▸ Task description
Below are some records. Return exactly their lines from the one containing "Rocksilk RainScreen Slab, Rocksilk" through the one containing "Paul/Barnabas 45A.D Women's T-Shirt", and drop the pictures.

▸ Material for the task
----
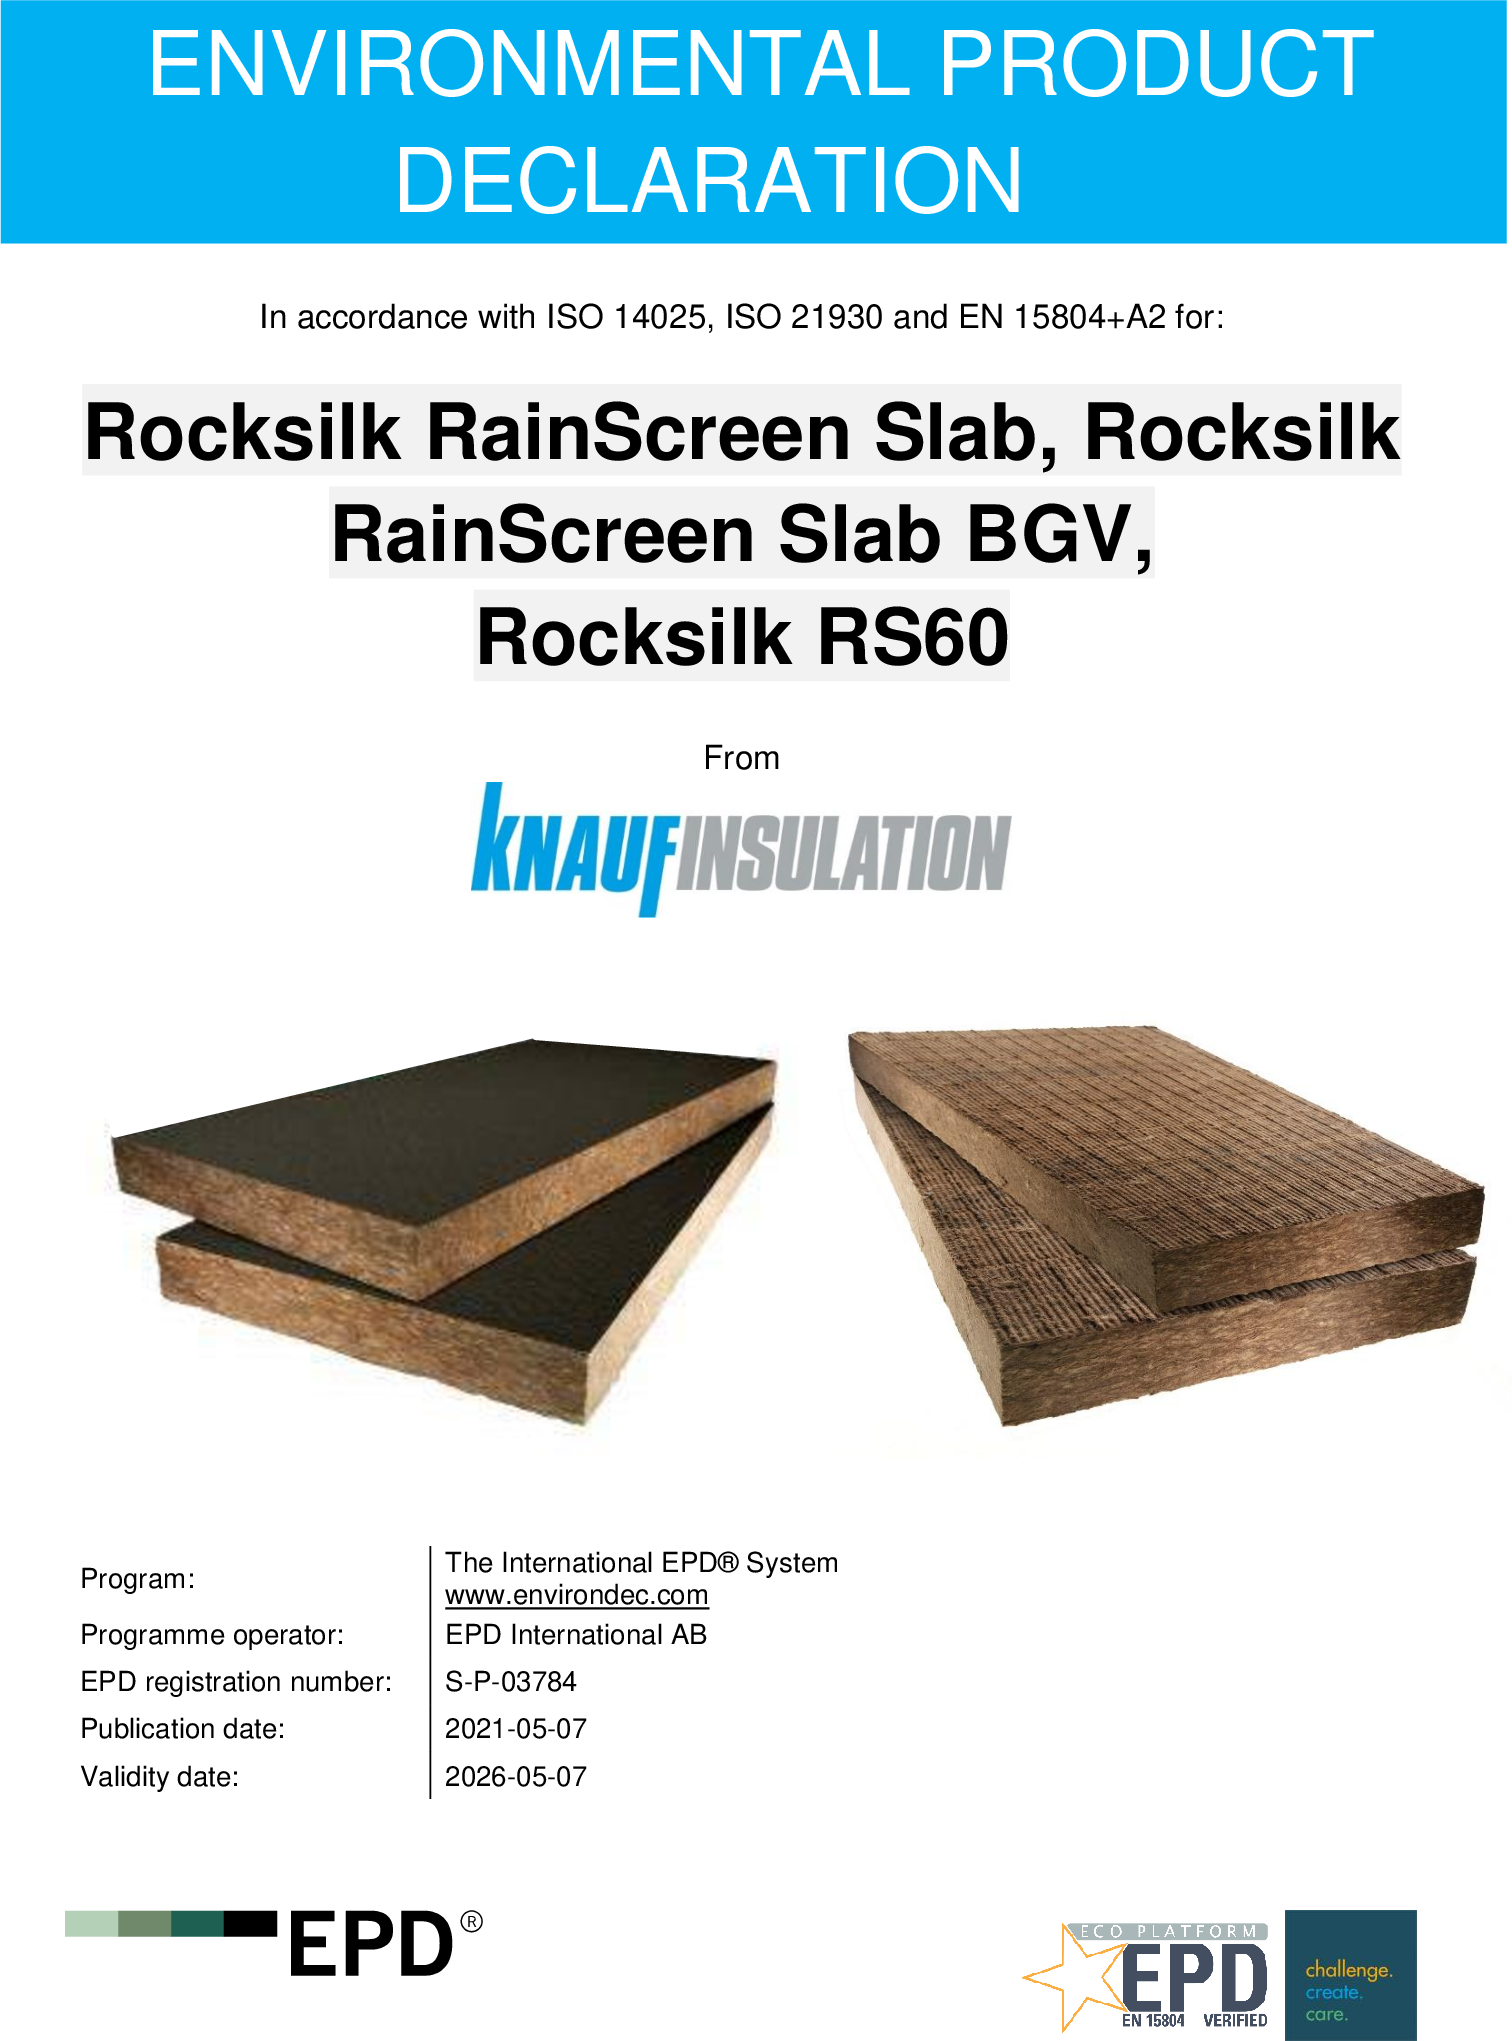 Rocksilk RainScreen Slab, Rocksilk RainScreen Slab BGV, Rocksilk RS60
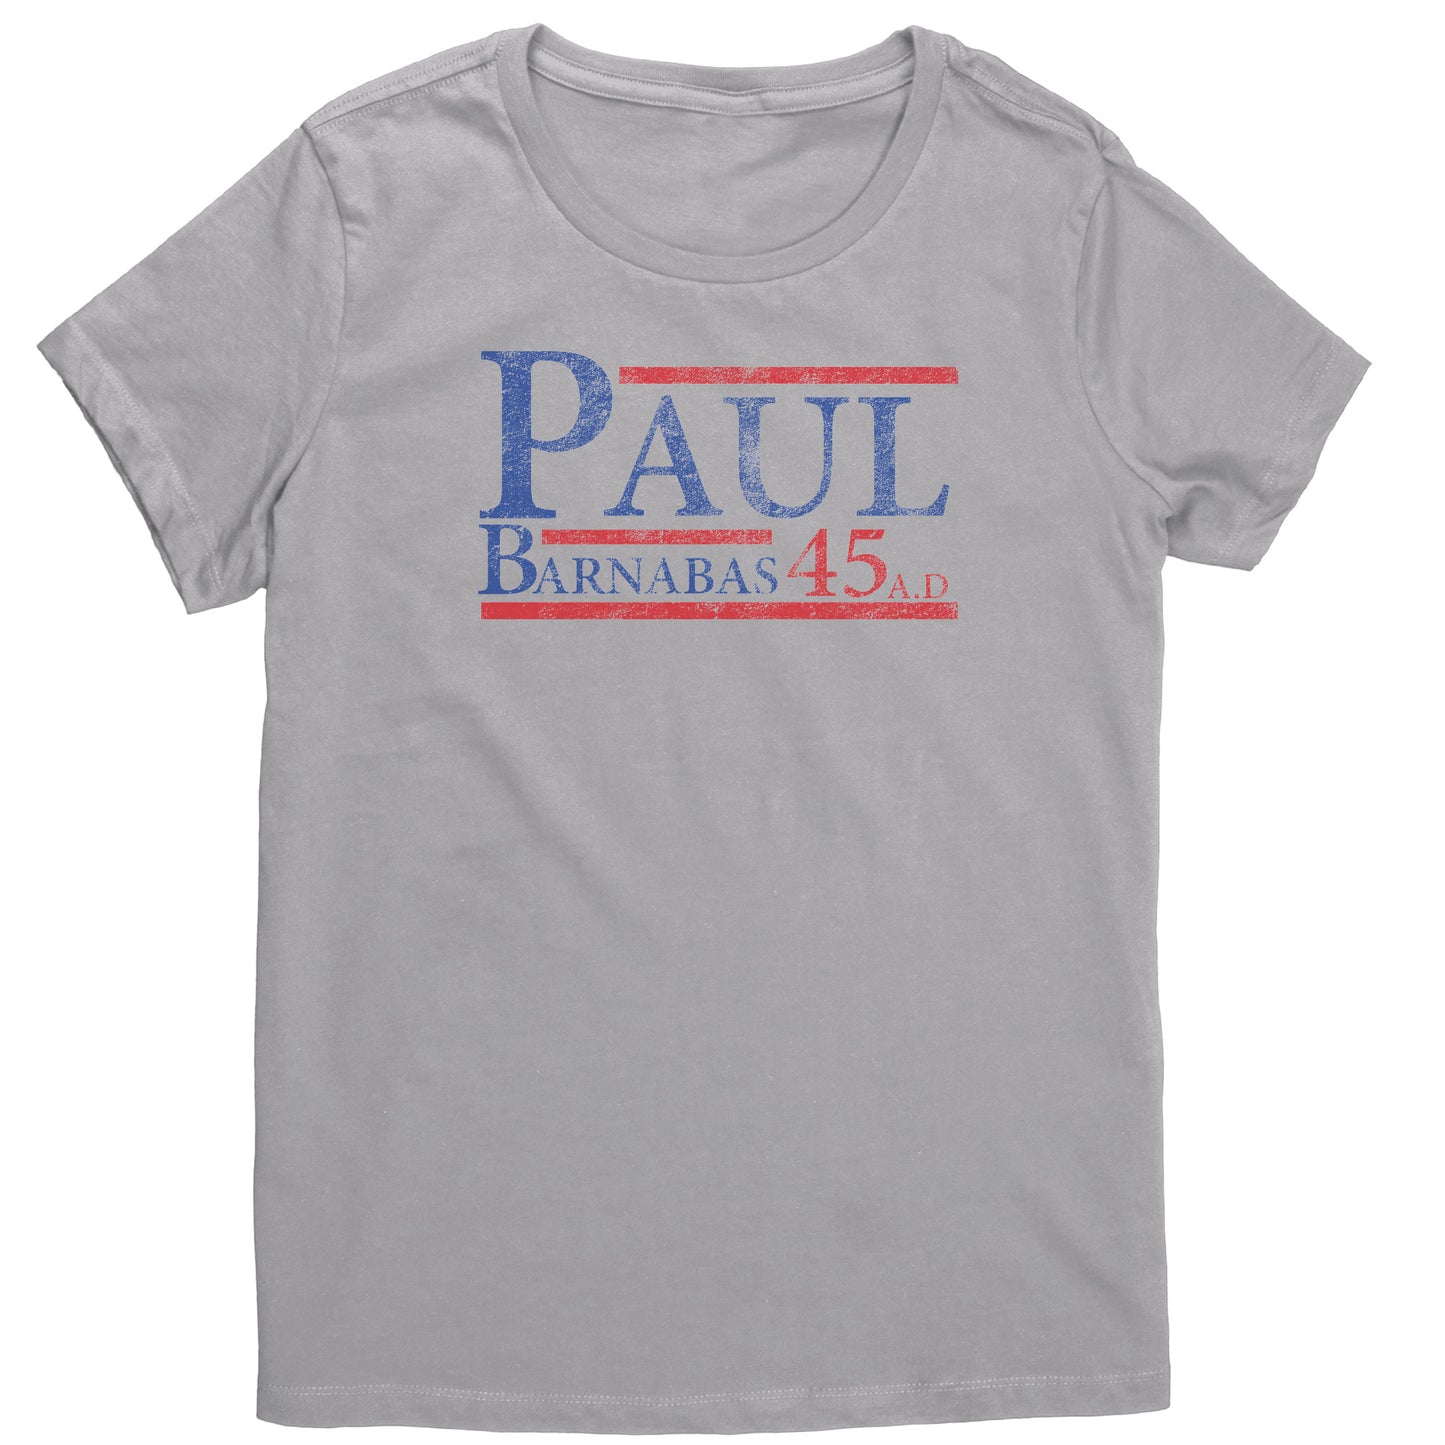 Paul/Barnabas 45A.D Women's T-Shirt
----
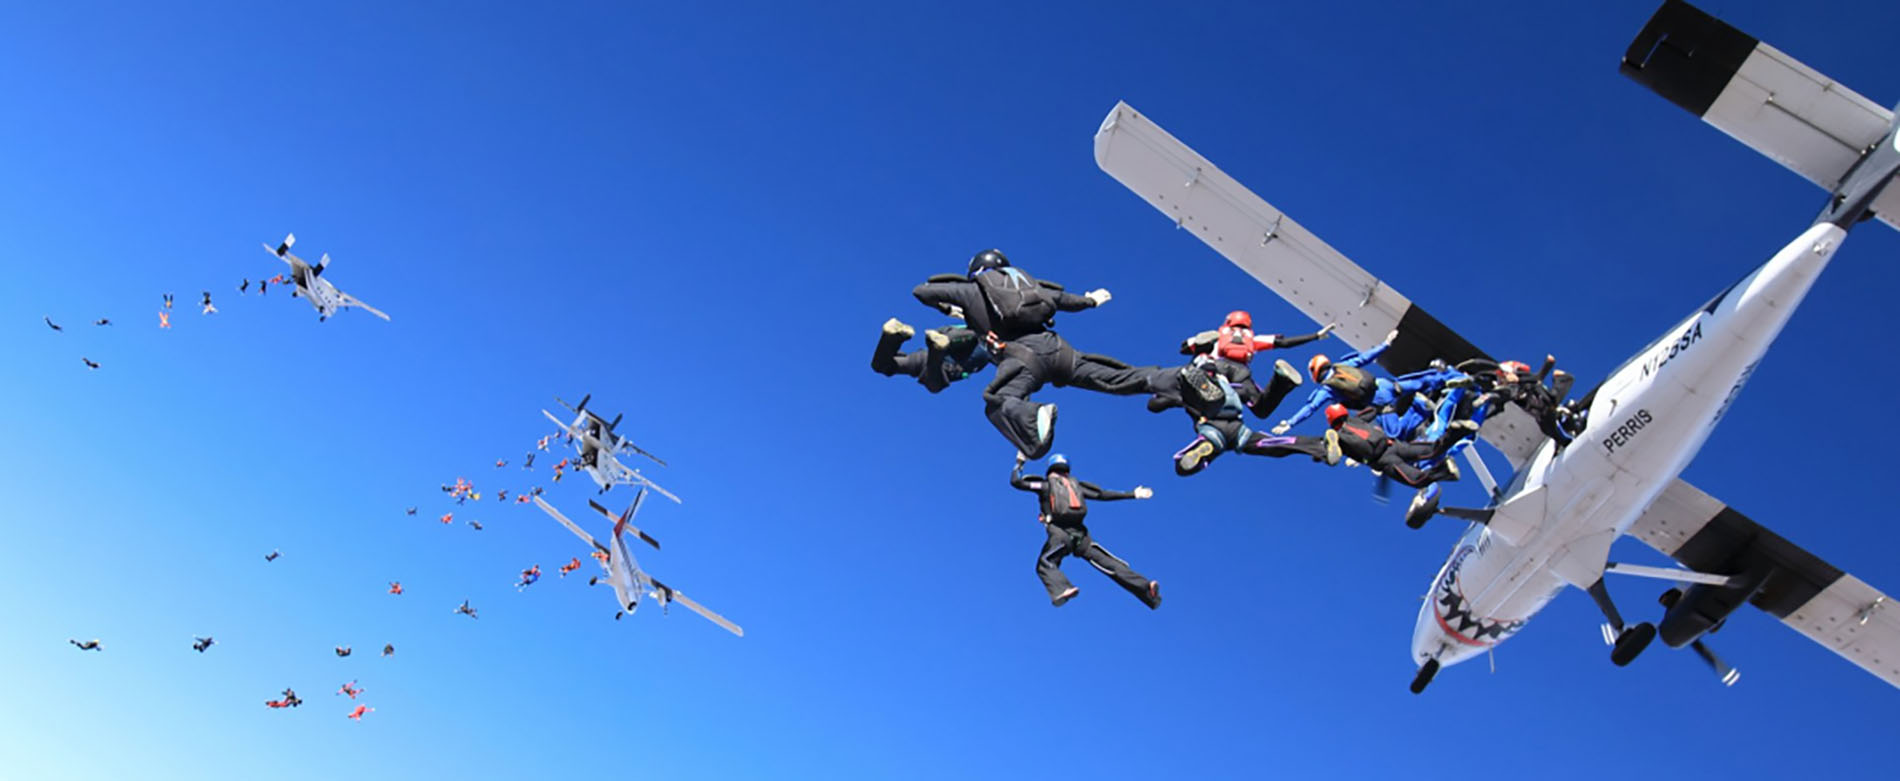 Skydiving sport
----
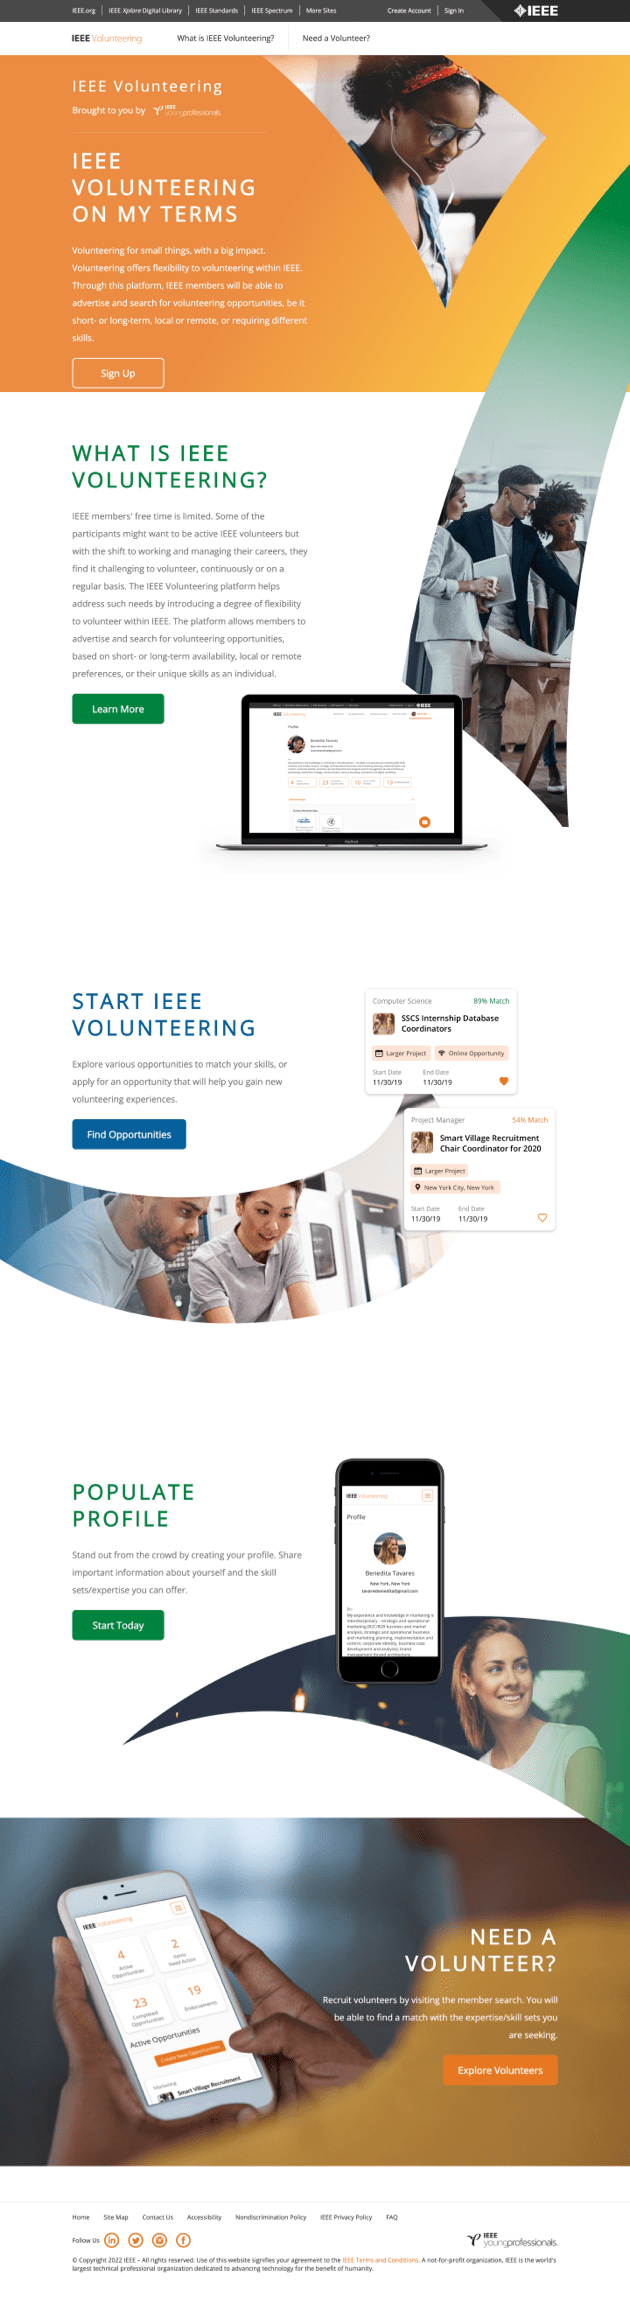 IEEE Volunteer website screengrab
----
▸ Task output
 Rocksilk RainScreen Slab, Rocksilk RainScreen Slab BGV, Rocksilk RS60
 Paul/Barnabas 45A.D Women's T-Shirt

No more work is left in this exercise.